Cyclingnews understands that the latter team had invested a considerable sum of money in making sure they had the infrastructure in place to ride the Grand Tour, only to be told at a very late point that their invitation would be withdrawn.

Contador said that he understood the team's disappointment, while also stating that he was glad that Astana got an invitation.

As Tour de France champion, all eyes will naturally be on him to see if he can replicate the climbing form which won him cycling's toughest race. He played down his chances somewhat at a pre-race press conference on Friday, explaining his preparation is far from ideal.

"I was on holiday at in the beach when they called me," he said. "Before that I did the Vuelta a Pays Vasco and then I had a problem with my mouth. I stopped racing and had this holiday. They called me and asked me to do this Giro, and so I started again to train. I am not in the condition I would like to be, but I did my best [to get to the race with training kilometres done] and I will do my best day by day."

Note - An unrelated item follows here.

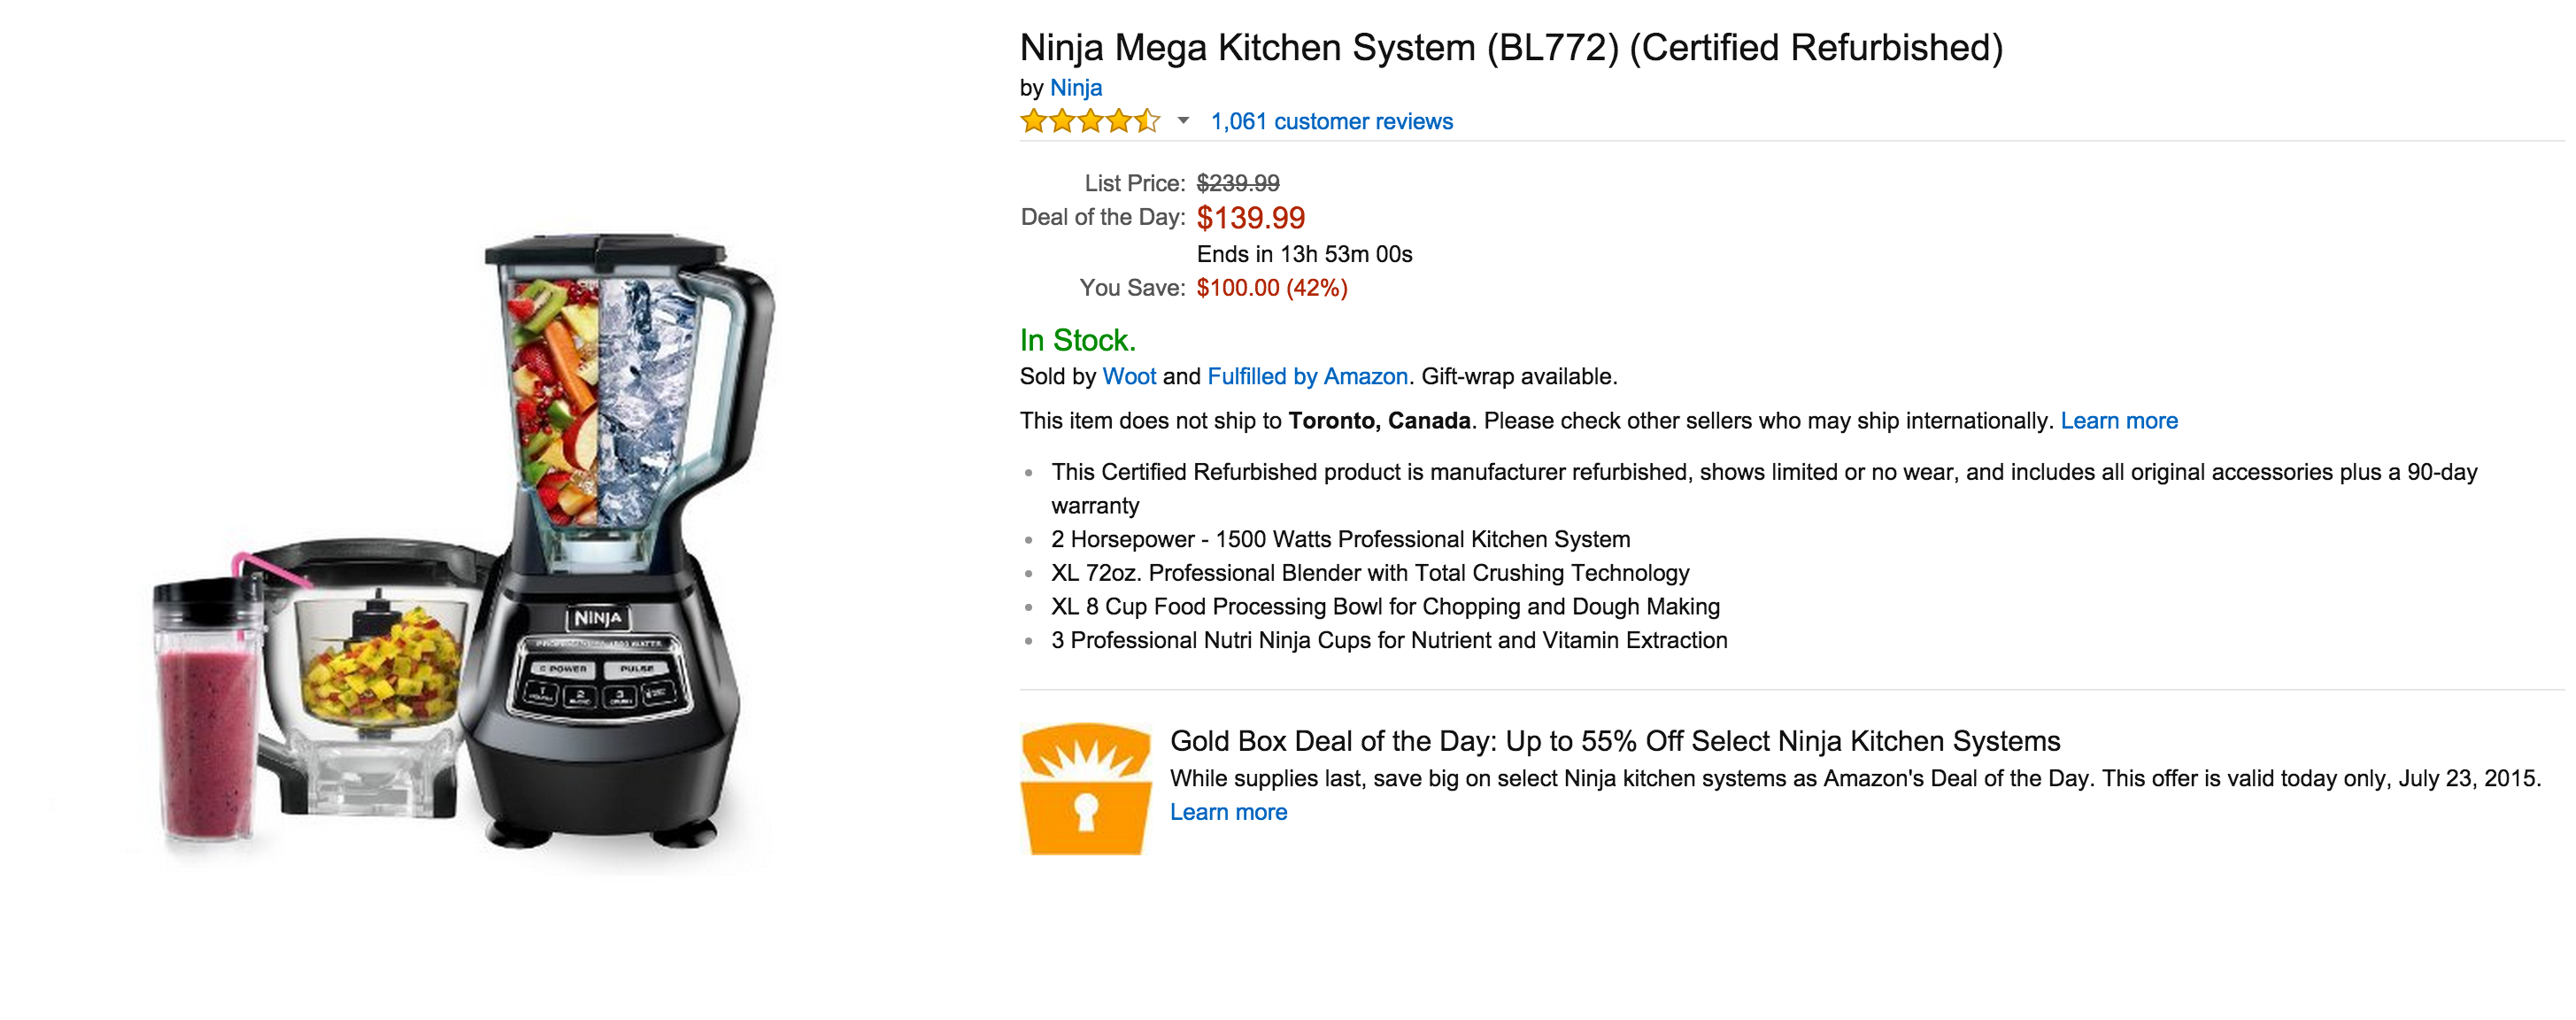 Ninja Mega Kitchen System 72oz Blender with Accessories - Black

He would clearly be at a higher level of form had Astana been given more notice, but said that he doesn't feel stressed by the thoughts of not being one hundred percent. "I am tranquil, because I think we have a very strong team. There are two other riders who can ride the Giro well, Klöden and Leipheimer, and so I don't have any pressure on me. I will see how I feel day by day and then I will decide what I can do."

Should the Spaniard manage to ride himself into form, he could do some serious damage later in the race. He's consequently likely to be satisfied to limit his losses early on, let his racing legs come to him, and then see what he can do.

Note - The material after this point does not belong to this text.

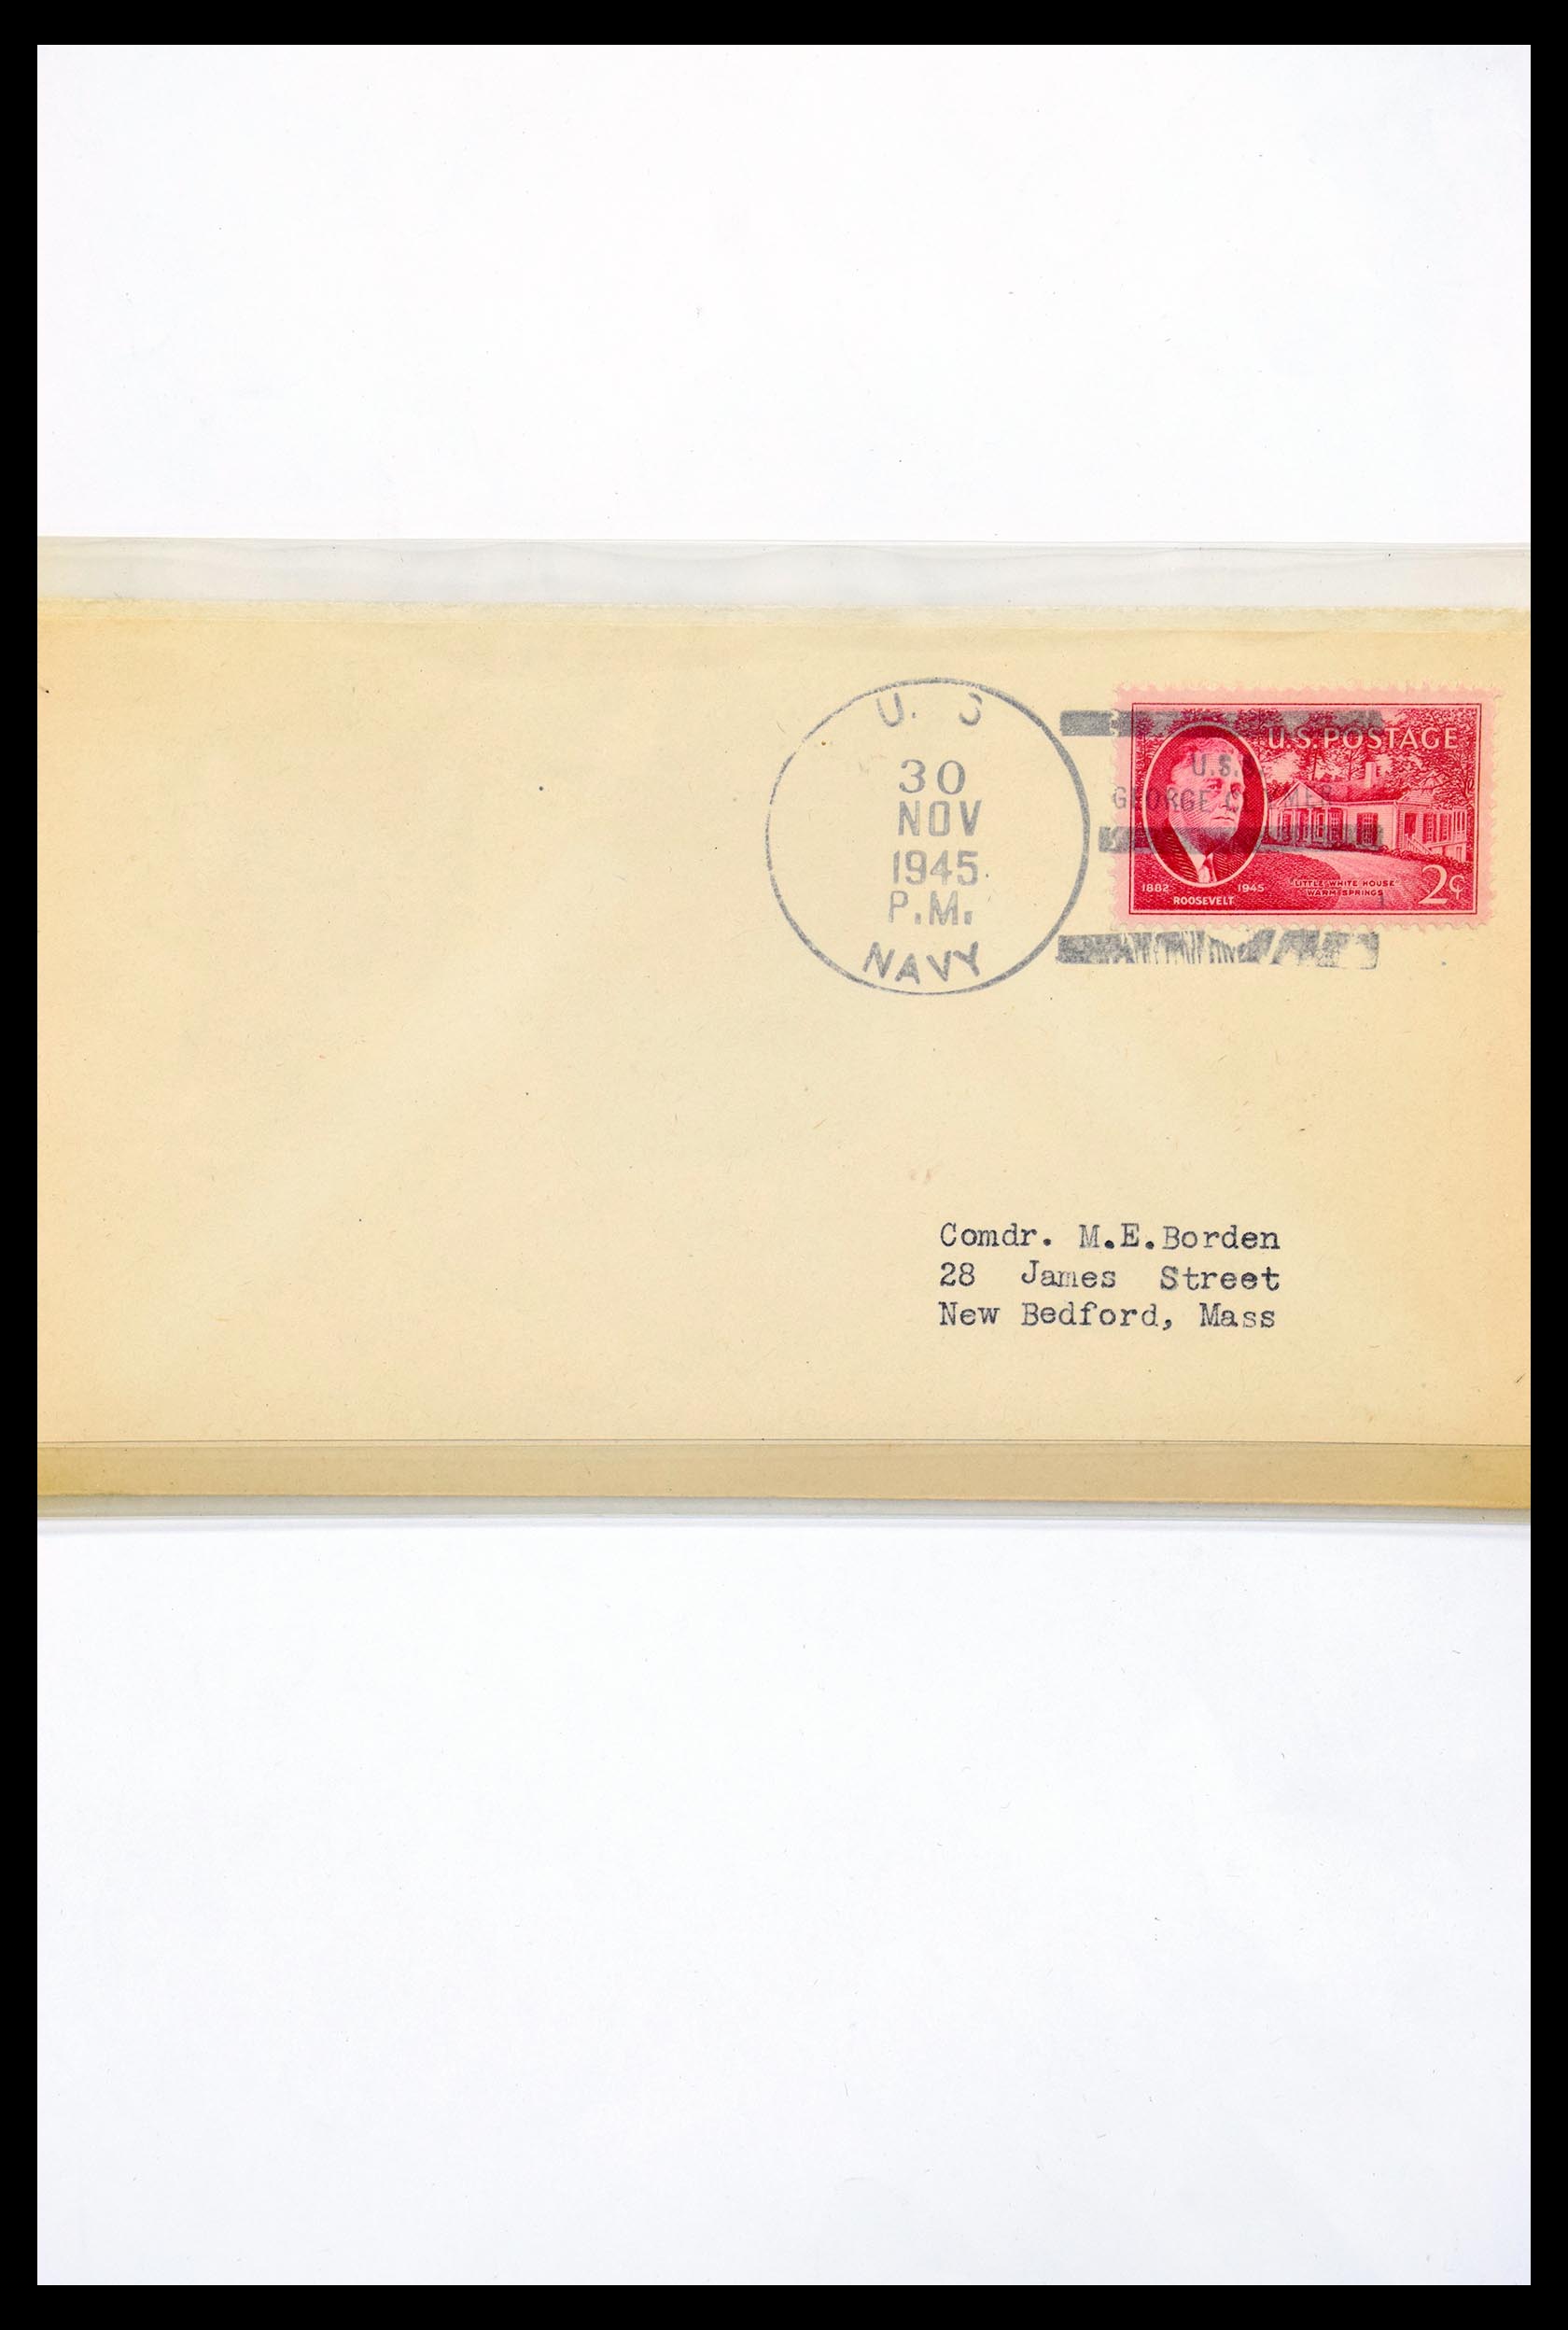 30341 305 - 30341 USA scheepspost brieven 1930-1970.

"I think the final week will be a very difficult one," he said. "It will be a good week for me [if he has form]. I think the Giro this year is the most difficult race in the world, because the climbs are more difficult this year than the Tour of the Vuelta. The gradients are very steep.

"I hope to be in good shape, to ride well on these climbs. Then I can do well, or perhaps I will be bad. Anything could happen."

Asked straight out what his chances were of winning, he cautioned the media against talking up his prospects of holding the final Maglia Rosa. "I don't want to give false hopes," he said. "I am not in good condition and this race is a very big race, it is an important race. So let's not have illusions about me because I don't have the level now to do well. We will take it day by day. Now I can't say anything about what I will do."

The Giro begins on Saturday with a long team time trial in Palermo. Astana will have good time trialists, including Leipheimer, Klöden and Contador himself, and so many feel that the team could challenge. However, while it is strong on paper, its limited preparation may hold the squad back.

Contador has his own favourites for the test. "I think those in the running are Slipstream, CSC, and also the Italian teams because they have extra motivation. They aim for this race all year because they are at home.

"We are strong because we have good time trialists, but it doesn't mean that we will win. We don't know what our condition is."

One thing is certain; given the difficult of such a flat-out effort, each of the riders on the team will have a better idea of their form on Saturday evening.